Exercise goal → The listing below should be reproduced precisely, except for its images.

Supplied material →
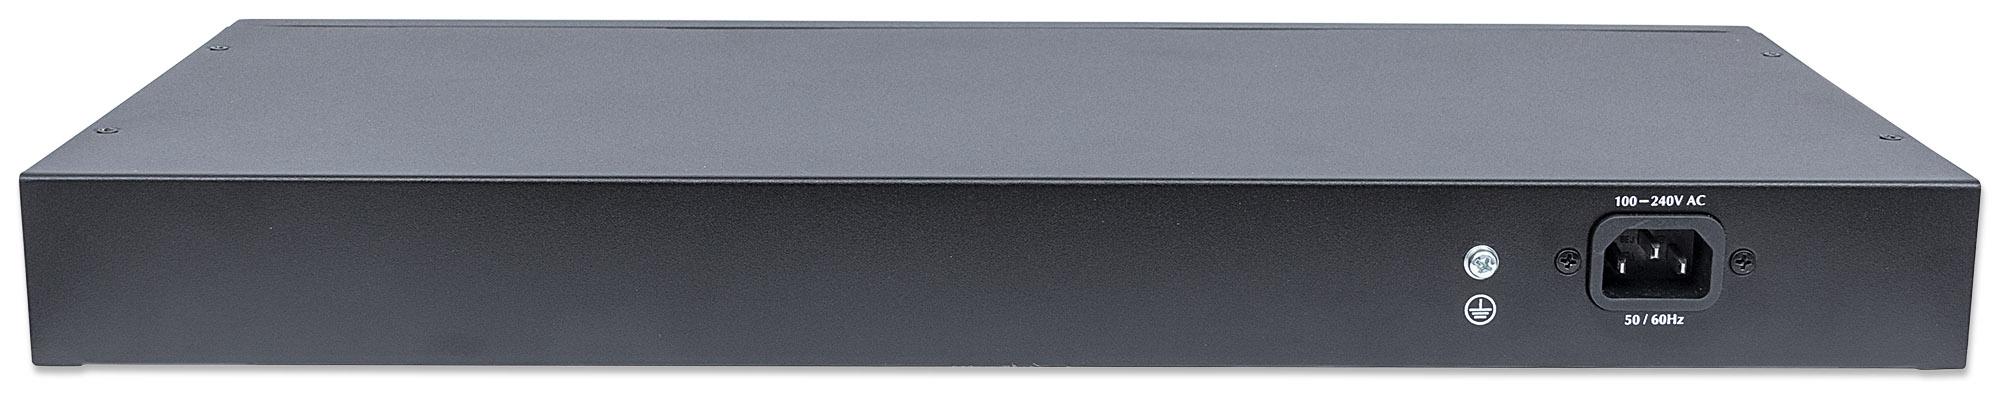 16-Port Gigabit Ethernet PoE+ Web-Managed Switch with 2 SFP Ports
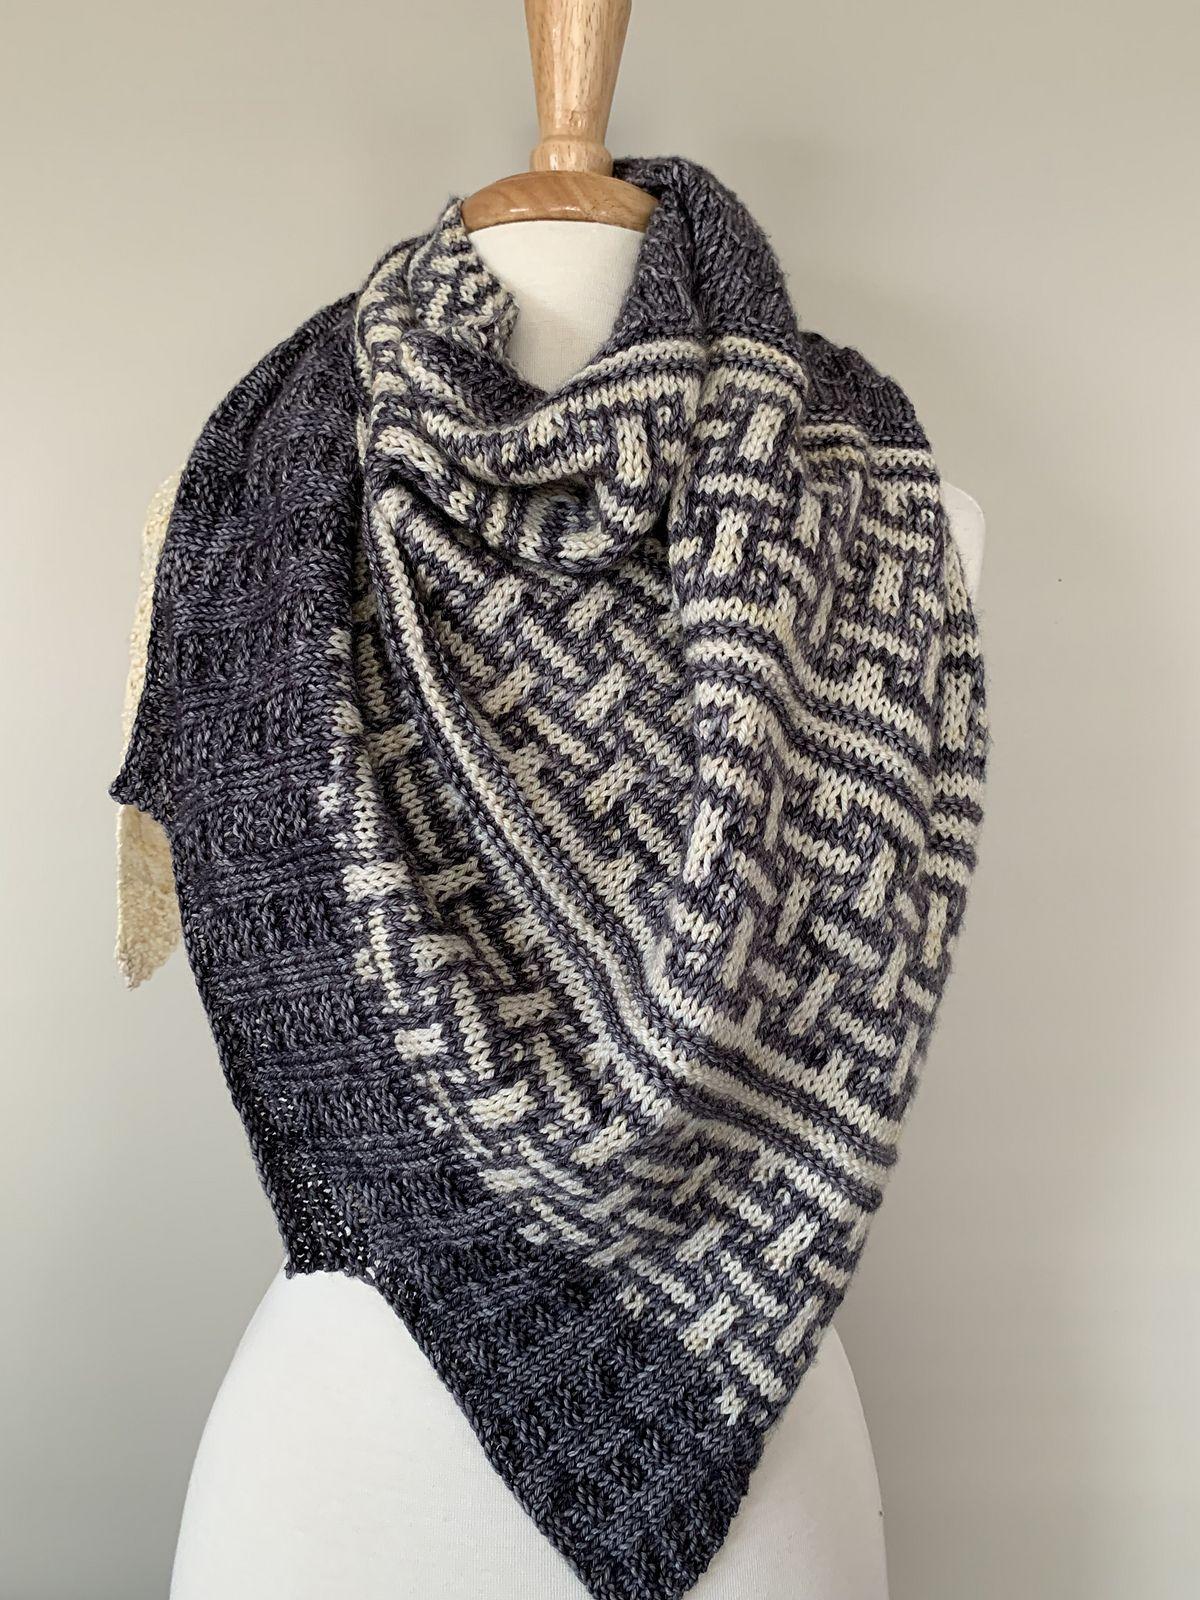 Snowcastles   Loom knitting patterns, Sweater pattern, Pattern
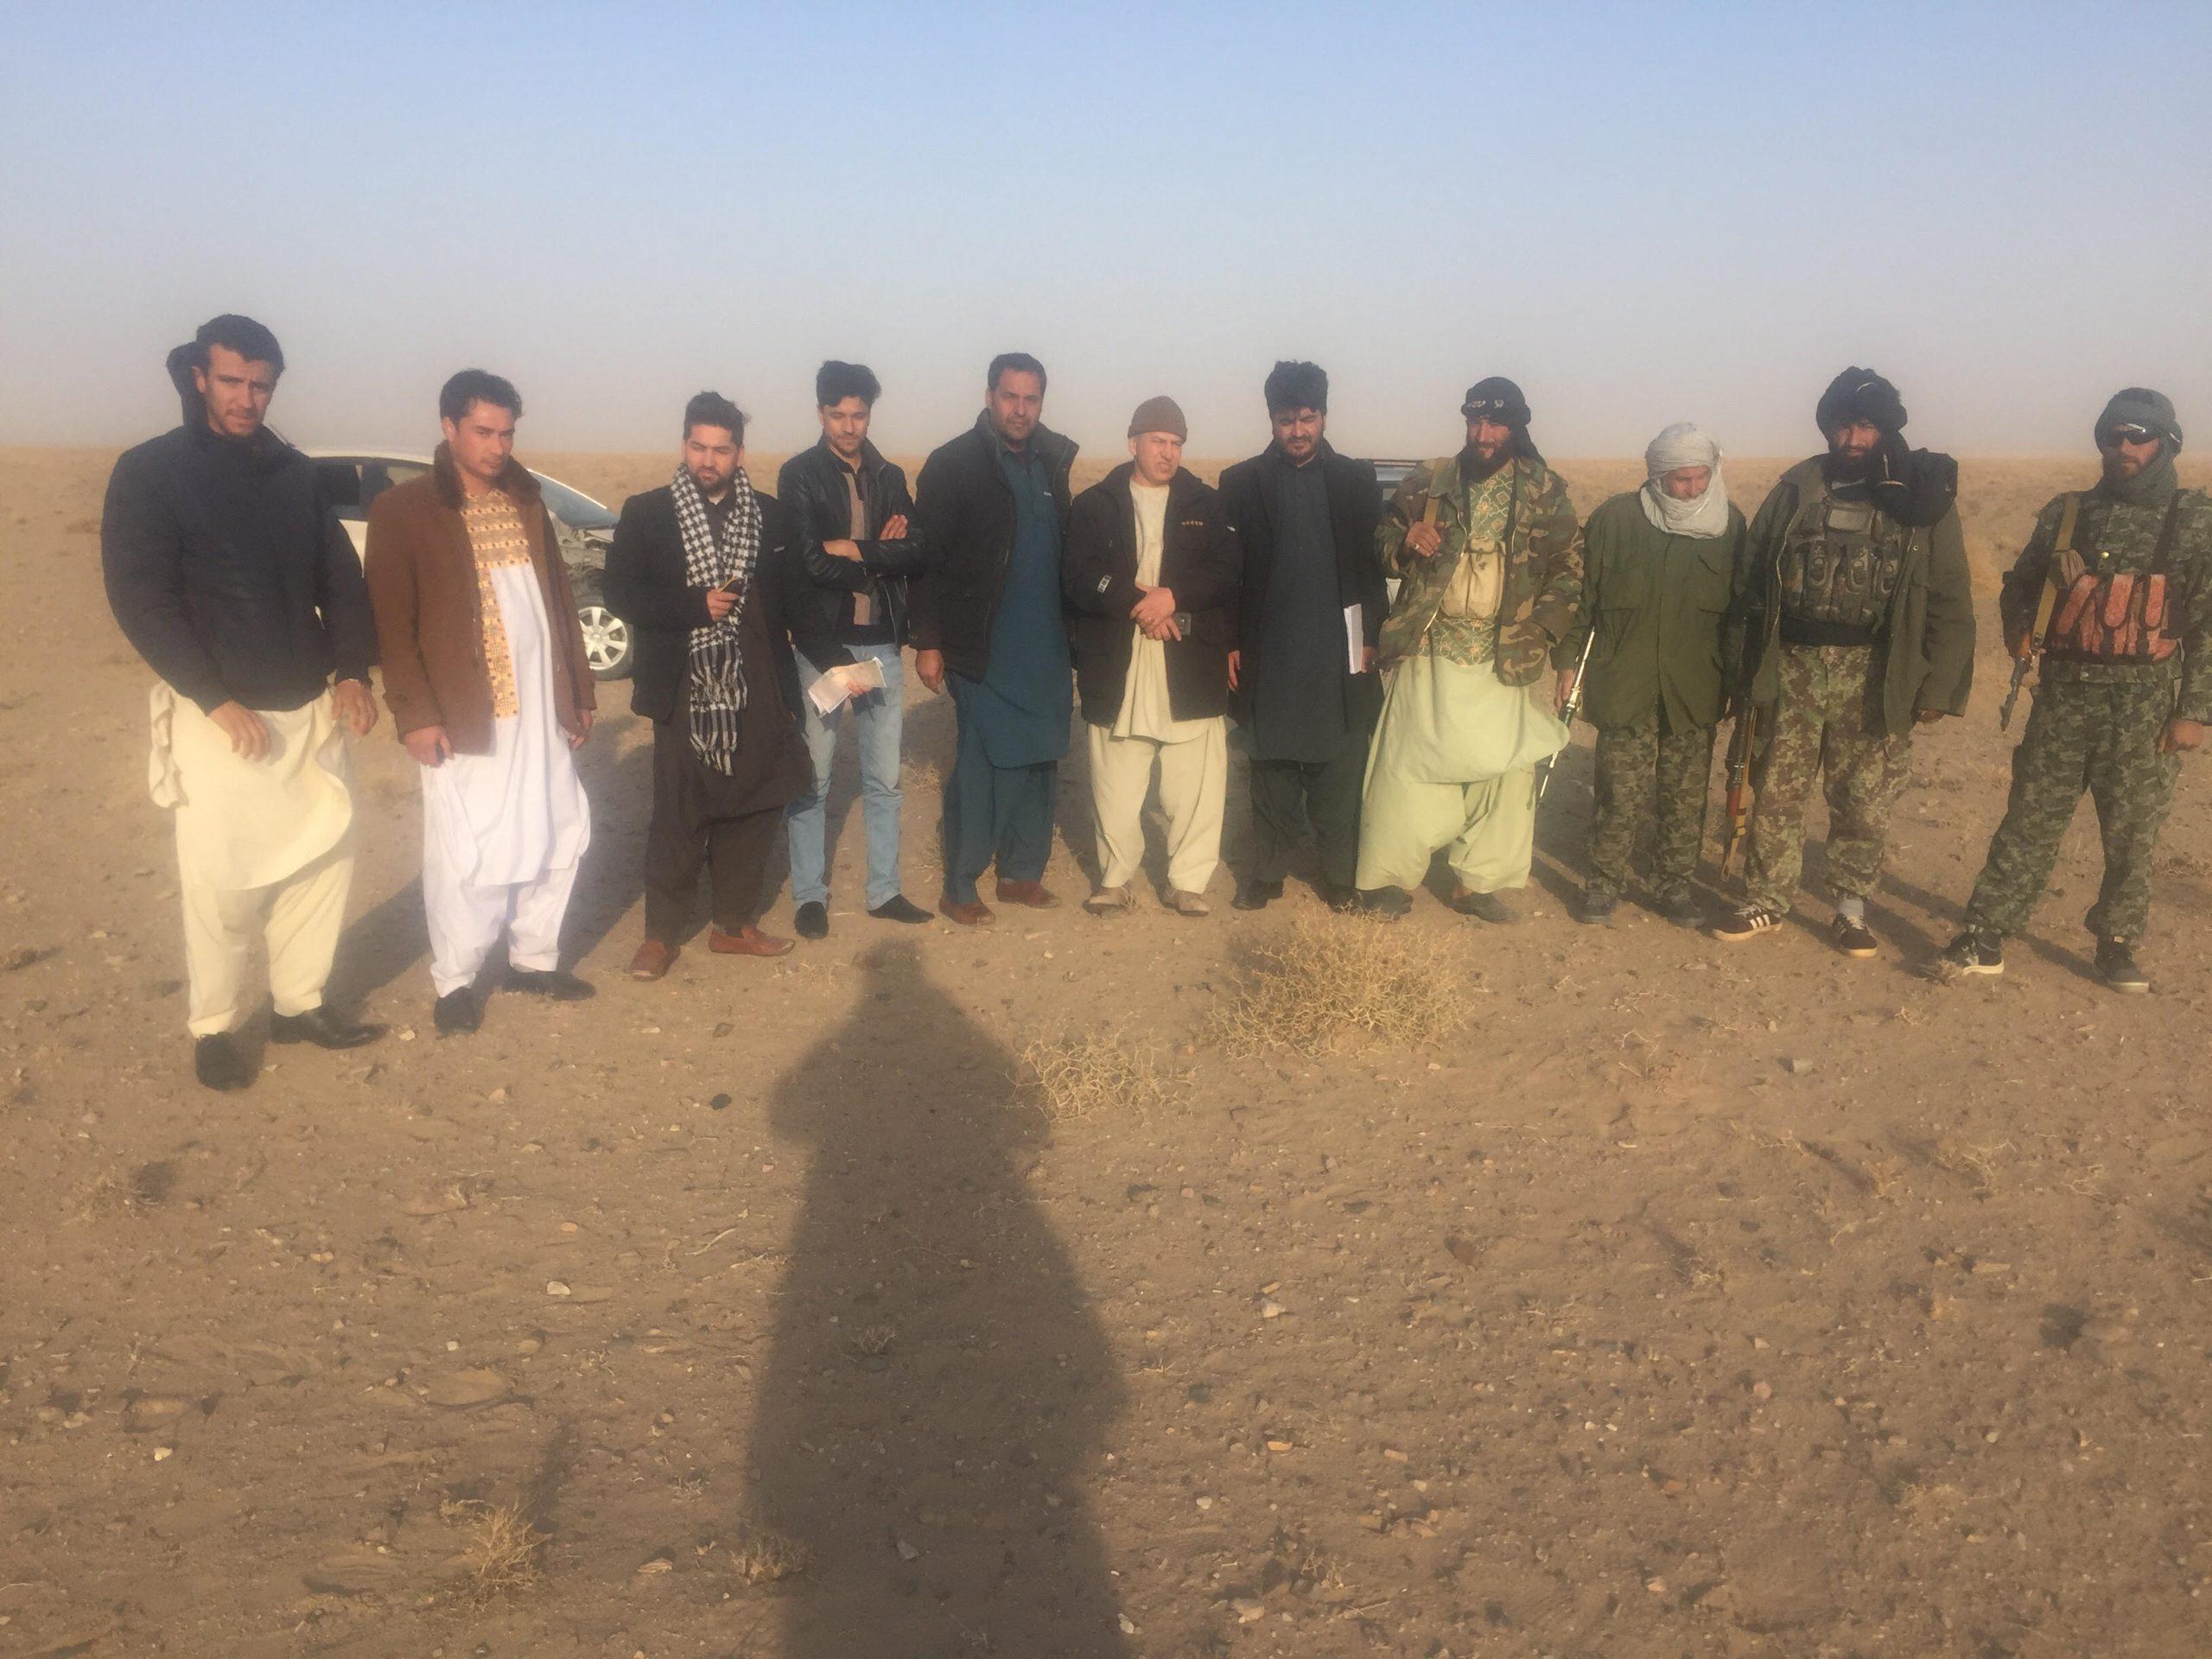 DV-VICC-Teams-at-Guzara-District-of-Herat

Written answer →
 16-Port Gigabit Ethernet PoE+ Web-Managed Switch with 2 SFP Ports
 Snowcastles   Loom knitting patterns, Sweater pattern, Pattern
 DV-VICC-Teams-at-Guzara-District-of-Herat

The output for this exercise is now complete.